Hunting has brought the big cat population down to 2,500. Any further depletion of numbers and the NTCA will have no tigers to conserve
The extraordinarily difficult time currently being experienced by the world on account of COVID-19 has caused humanity untold misery. The last few months have put to test the endurance of mankind as suffering has increased exponentially and casualties have spiked sharply in a small period of time. Even as humans struggle to stay alive and stay out of the clutches of the disease, this kind of torment, fear and pursuit is not new for wildlife in India.
Many threatened and endangered species of animals have been suffering miseries inflicted by humans on them for decades. Some of the unfortunate incidents pertaining to animals that have come to light this year have clearly underscored this fact. The recent blinding of a puppy by a watchman, the dragging of a dog behind a scooter by two miscreants, the death of a bull after being attacked by three drunks, the painful incident of a cow being fed dough filled with explosives causing serious injuries and the most painful starvation deaths of two female elephants, who suffered broken jaws after being fed pineapples filled with explosives, are just some of the cases that have surfaced in the last one month.
COVID-19 may have brought grief hitherto unknown to mankind, yet human compassion has not been awakened as is evident by the lack of the same towards the environment and animals. This lack of empathy is made worse by the fact the human memory of incidents of cruelty to animals is very short. The news stays in public domain for a week at the most and then gets relegated to the archives.

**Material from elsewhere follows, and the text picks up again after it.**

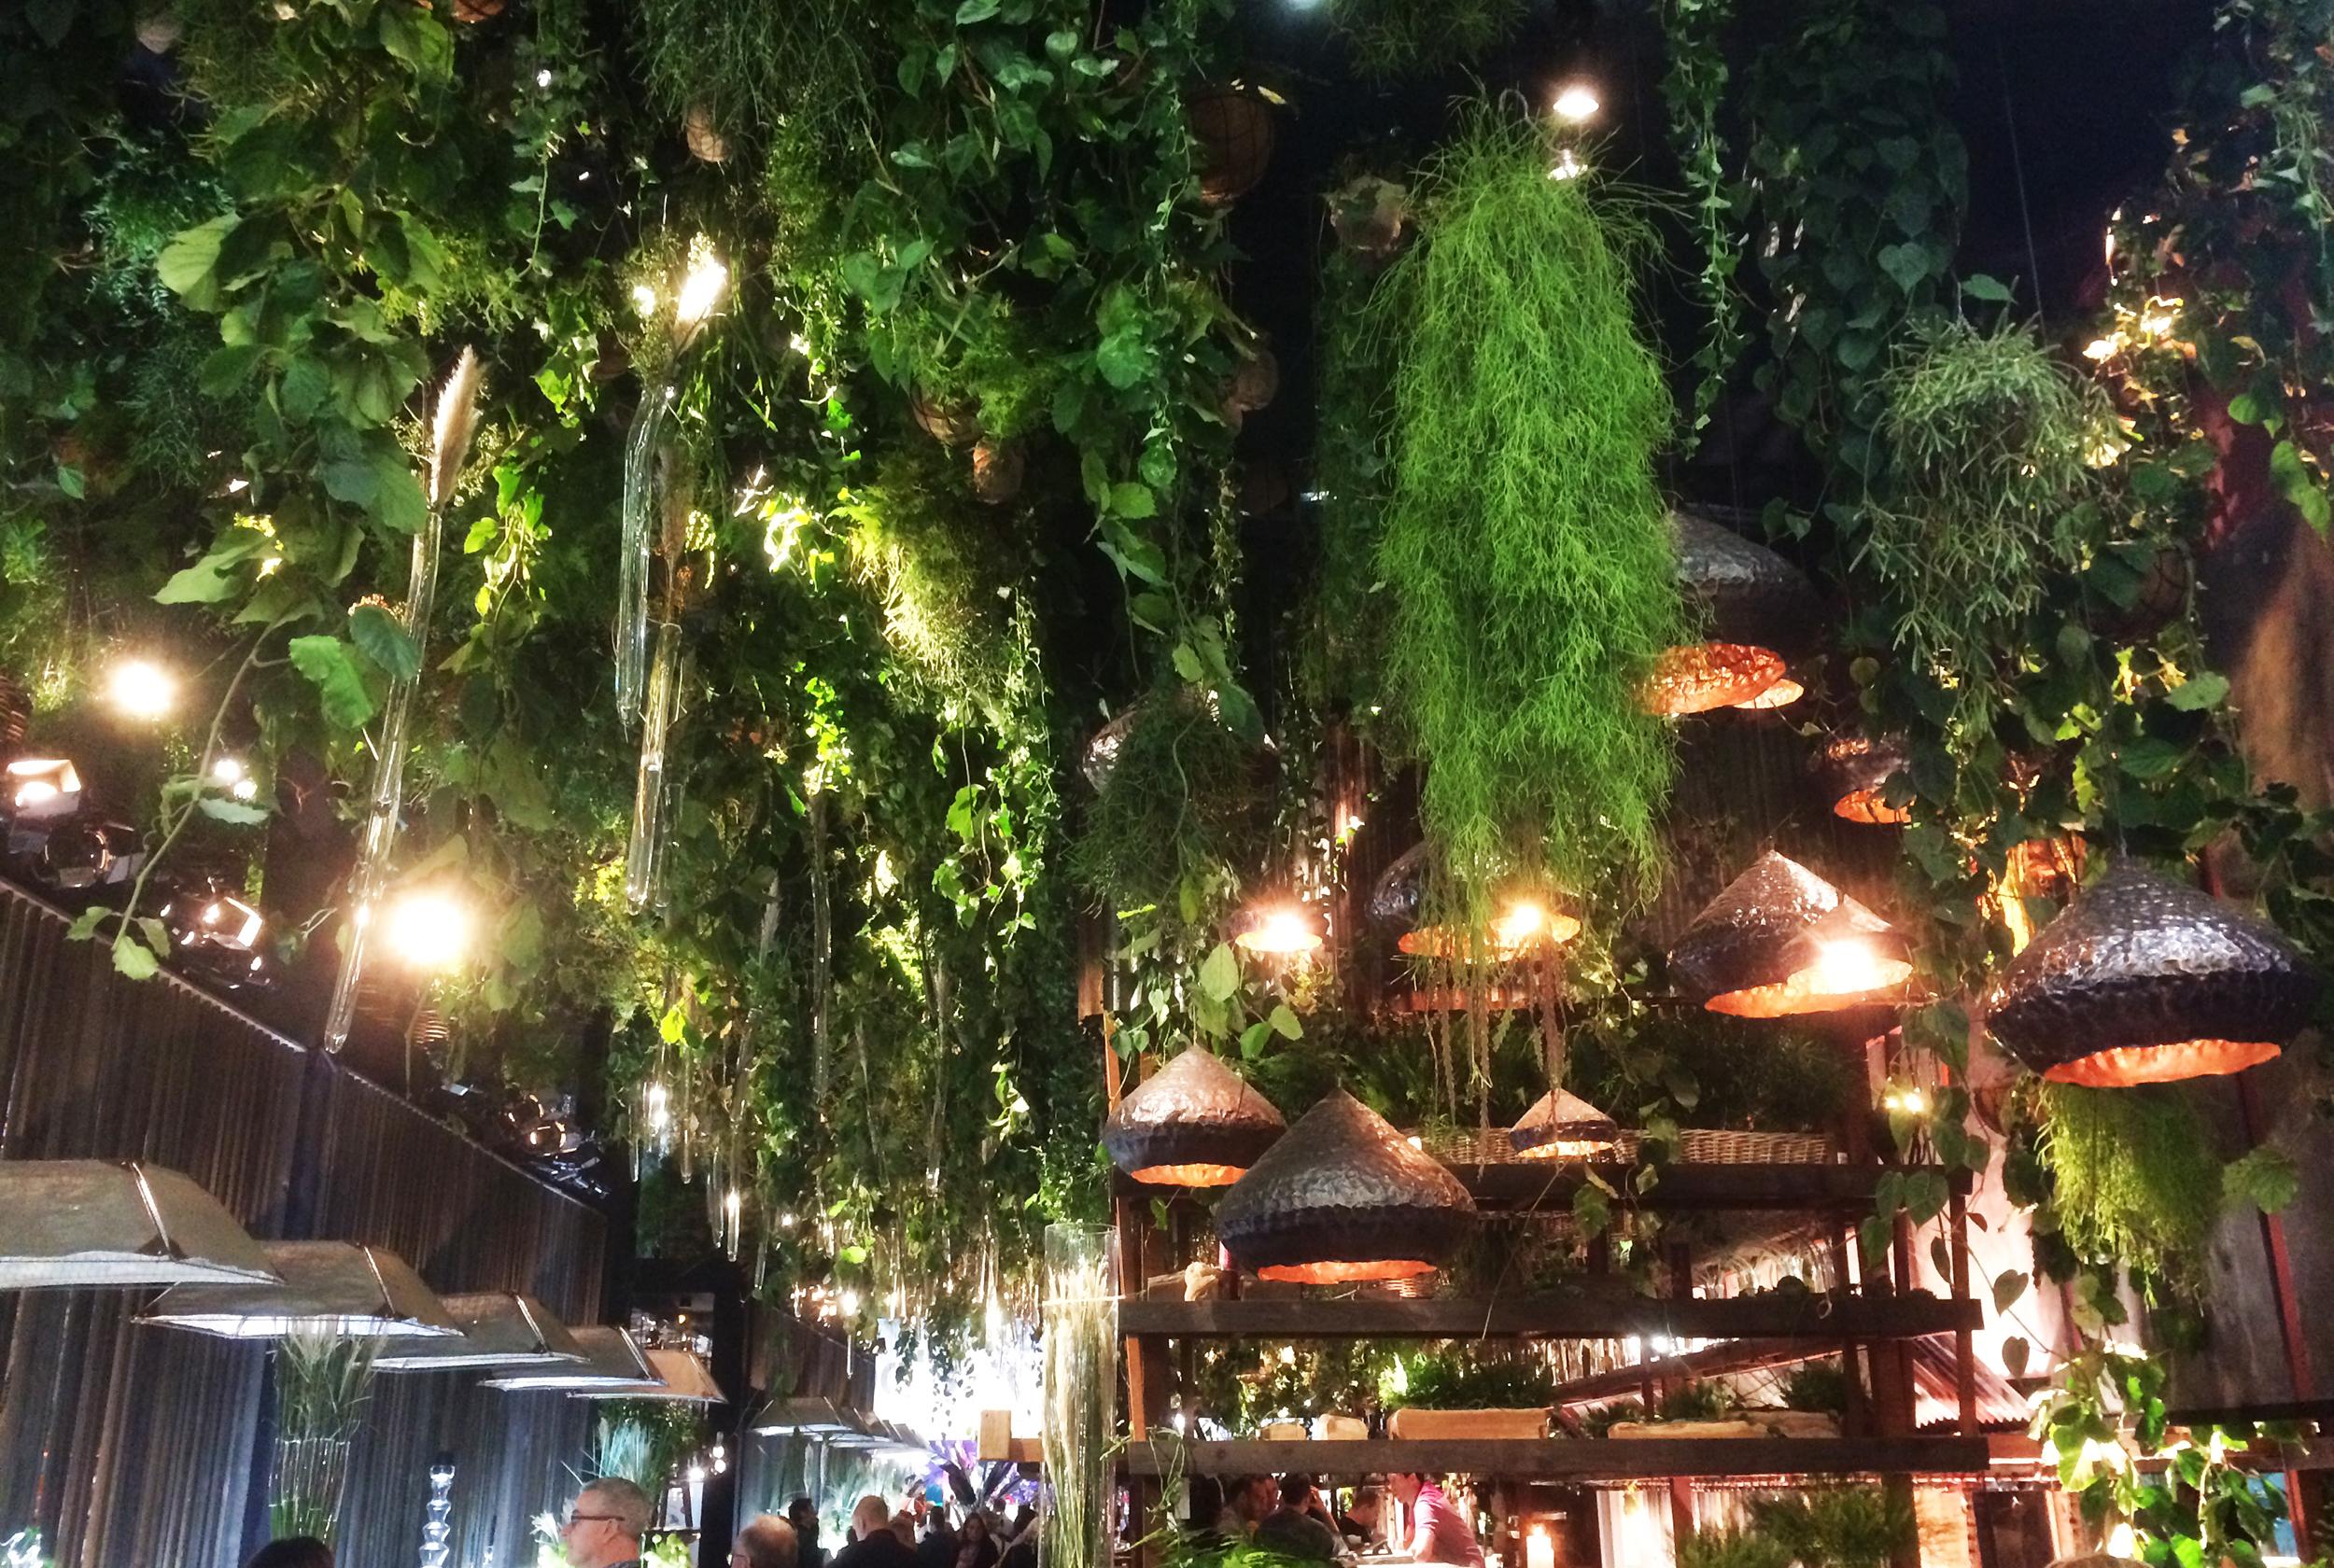 Une nature luxuriante et moniprésente en particulier au plafond avec une profusion de plantes suspendues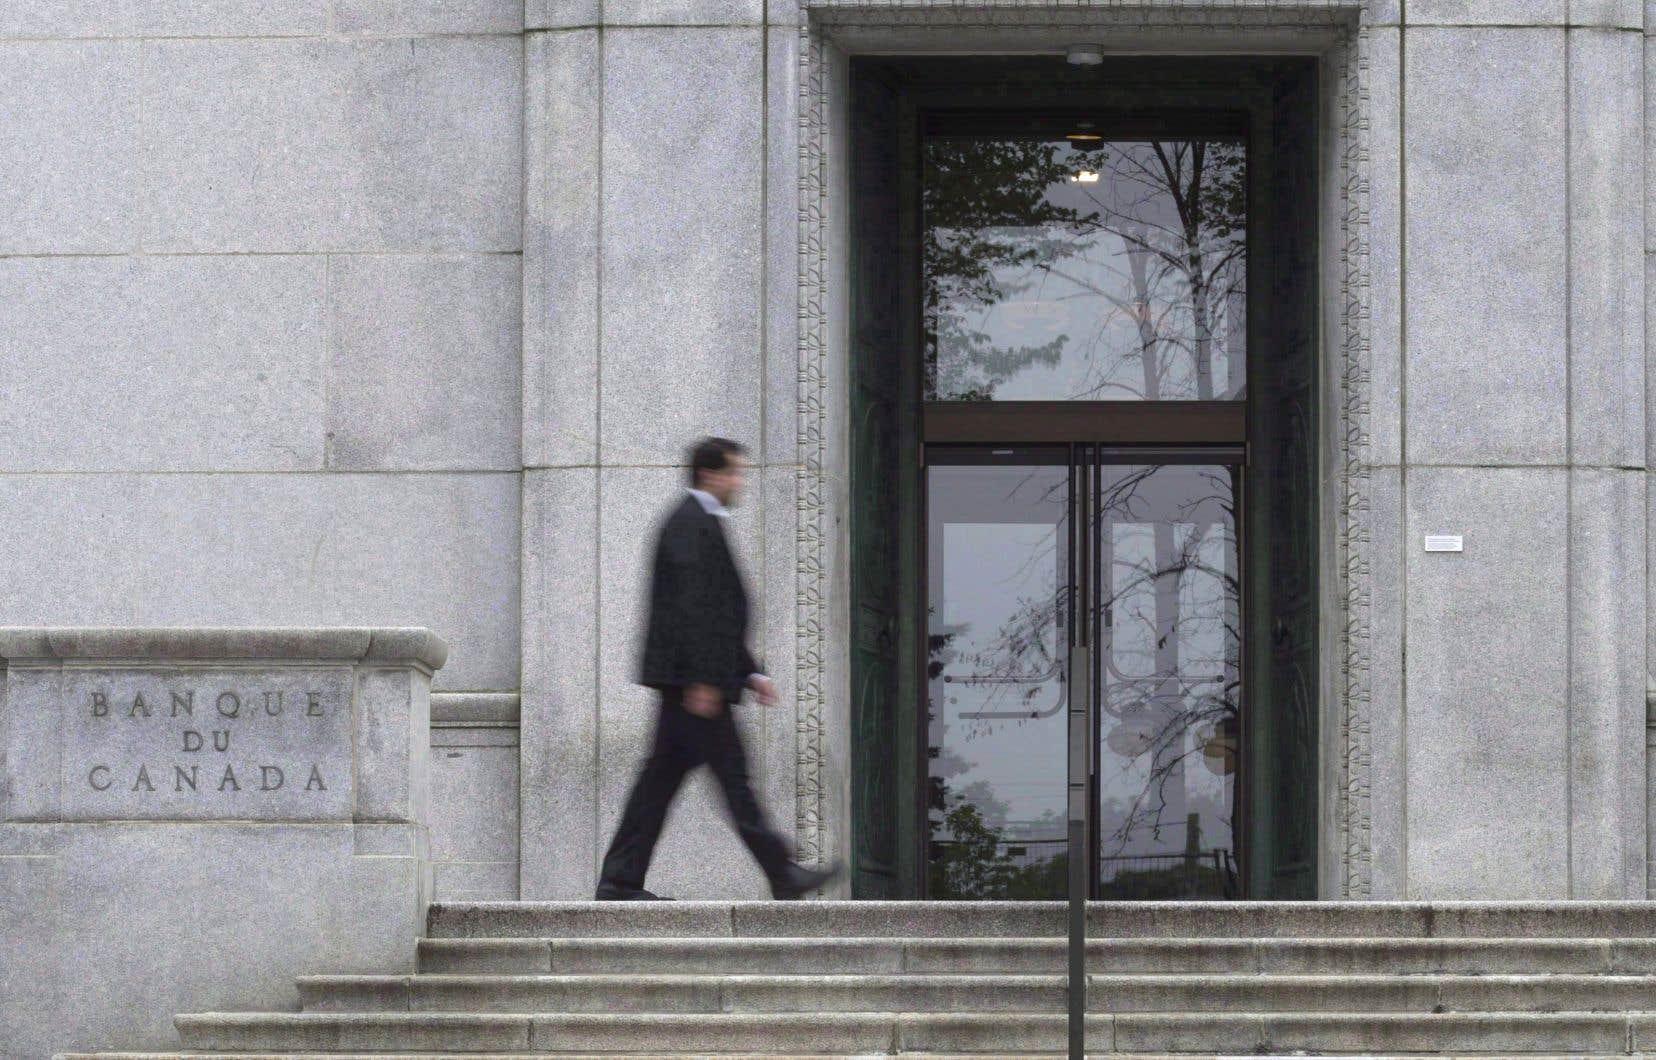 Le niveau d'endettement élevé des ménages et la flambée du marché immobilier de certaines régions demeurent cependant les deux principales vulnérabilités que la Banque du Canada garde à l'œil.

Incidents involving fatal injuries to animals are an unfortunate but common occurrence as villagers and farmers exceedingly take the law into their own hands and snare these animals in crude traps killing them slowly. They later profit from the kill by selling the claws, skin, teeth and tusks to poachers. This rampant killing of animals is especially telling on the tiger population, which has fallen sharply due to human intervention in the last eight years.
According to the recent data made available by the National Tiger Conservation Authority (NTCA), the last eight years have been harrowing for the national animal as a whopping 750 tigers have died due to poaching and other causes. According to official data, with a toll of 173, Madhya Pradesh reported the highest number of tiger deaths as compared to other parts of India. The Government and State authorities could not really stem the number of deaths occurring due to poaching and traps laid by the local population living on the periphery of the forests. India lost 119 tigers in 2019 alone and a third of the loss was due to rampant poaching. Leopards have not been faring well either as 2019 saw 491 deaths.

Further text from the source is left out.